The National Railroad Museum in Green Bay Wisconsin may seem like a strange venue to be handing out awards to celebrities, however it has been doing just that for the past ten years with it's "Lifetime Achievement Award in the Field of Celebrity Train Wrecks". The idea was first presented in a rather tongue in cheek fashion when someone observed that interest in railways and trains had dimished greatly, unless of course there's a train wreck, especially if it's one of a celebrity nature.

As such, every year since 1995, in order to bring some attention to their Museum, the National Railroad Museum has added to it's annual Excellence in Railroading Awards ceremony, a Lifetime Achievement Award for the celebrity who best represents a train wreck through his/her past and current actions. A Museum Spokesman commented, "how else are we going to get celebrities to come to a railroad museum in a pissant town like Green Bay?"

Back in February, Bobby and Whitney were nominated jointly, along with Courtney Love and the following four nominees:

Meg Ryan - nominated for her previous work as a horrible actress who starred in numerous horribly written romantic comedies, seeming to be the only person in Hollywood who was comfortable being typecast. Her nomination was cemented this year when she came out of a several year hiatus from making movies, only to appear that she had been horribly disfigured due apparently to either botched plastic surgery or a random wildebeast attack. Her starring in two movies which were both horrible even by her own standards, proved definitively that fluff is as fluff does.

Jack White - The leader of the Detroit rock duo The White Stripes, who refuses to wear anything but red, white or black, has been in the running since marrying his own sister, White Stripes drummer Meg White. He has remained a top potential nominee by refusing to go anywhere unless he looked like the lead character from A Clockwork Orange. This year, he cemented his status as nominee with two notable events. First, he broke his finger and posted the footage of his finger surgery on his website. More recently, for no apparent reason he decided to beat the living crap out of the lead singer of the Von Blondies, a band he used to produce.

Carnie Wilson - She was this year's train wreck from out of nowhere. She seemed normal despite being raised by a man (her father, the Beach Boys' Brian Wilson) who wrote a brilliant album, then spent 20 years in bed after a nervous breakdown, and now looks like Doug McKenzie (or is it Bob...whichever one is played by Dave Thomas) from Strange Brew.
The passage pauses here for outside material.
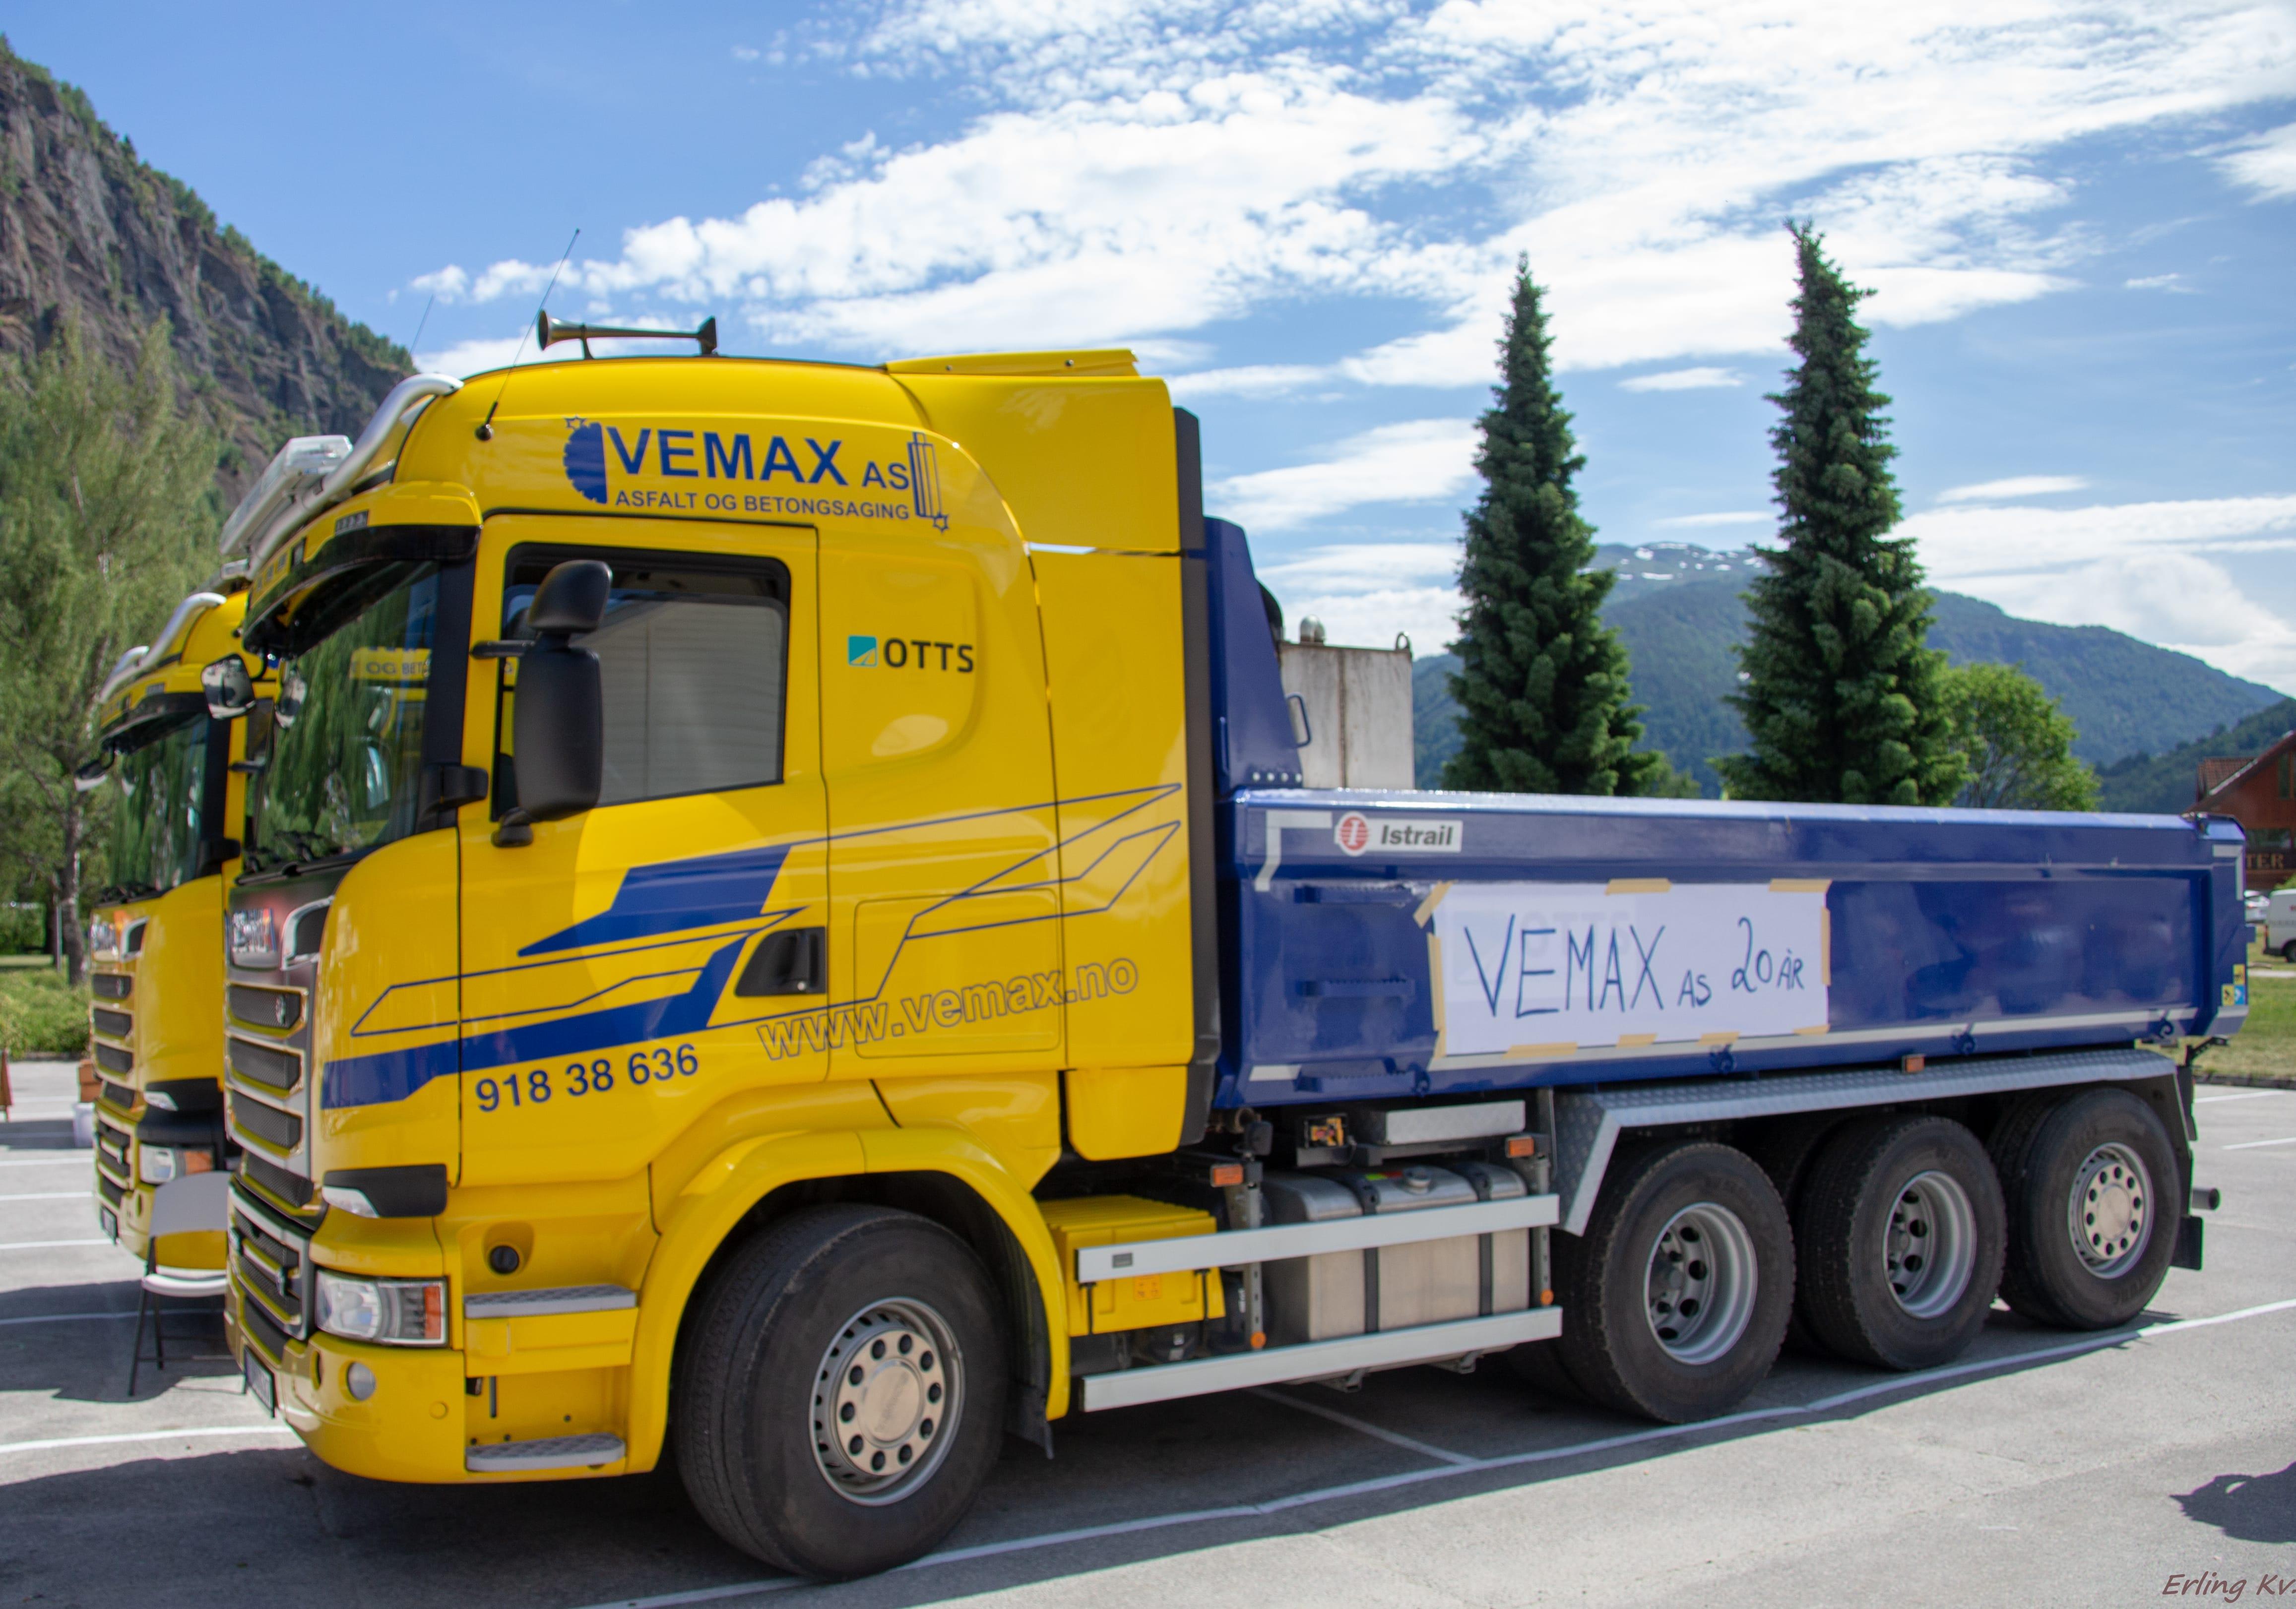 Erling Kv-293

But she came out of obscurity, screaming with a vengeance by having about 500 pounds of flab melt off her body via the removal of the vast majority of her stomach. She then gained international acclaim for her courage to pay for surgery to correct the ill effects of a lifetime of Ho Ho and Ding Dong abuse, only to turn around and pose for wretch inspiring pictures for Playboy, resulting in the worst magazine sales in publishing history.

Scott Weiland - Former lead singer of Stone Temple Pilots, and current leader of supergroup Velvet Revolver has officially reached a (2000 LTA recipient) Robert Downey Jr. level of court ordered rehab stays. As one observer put it, "he's been in and out of a rehab clinic more often than a janitor at Betty Ford." The sheer idiocy of being caught with drugs while being out on probation for his last drug bust, while trying to project an image of cleaning up one's act so one can launch a new project is a classic qualification for this award.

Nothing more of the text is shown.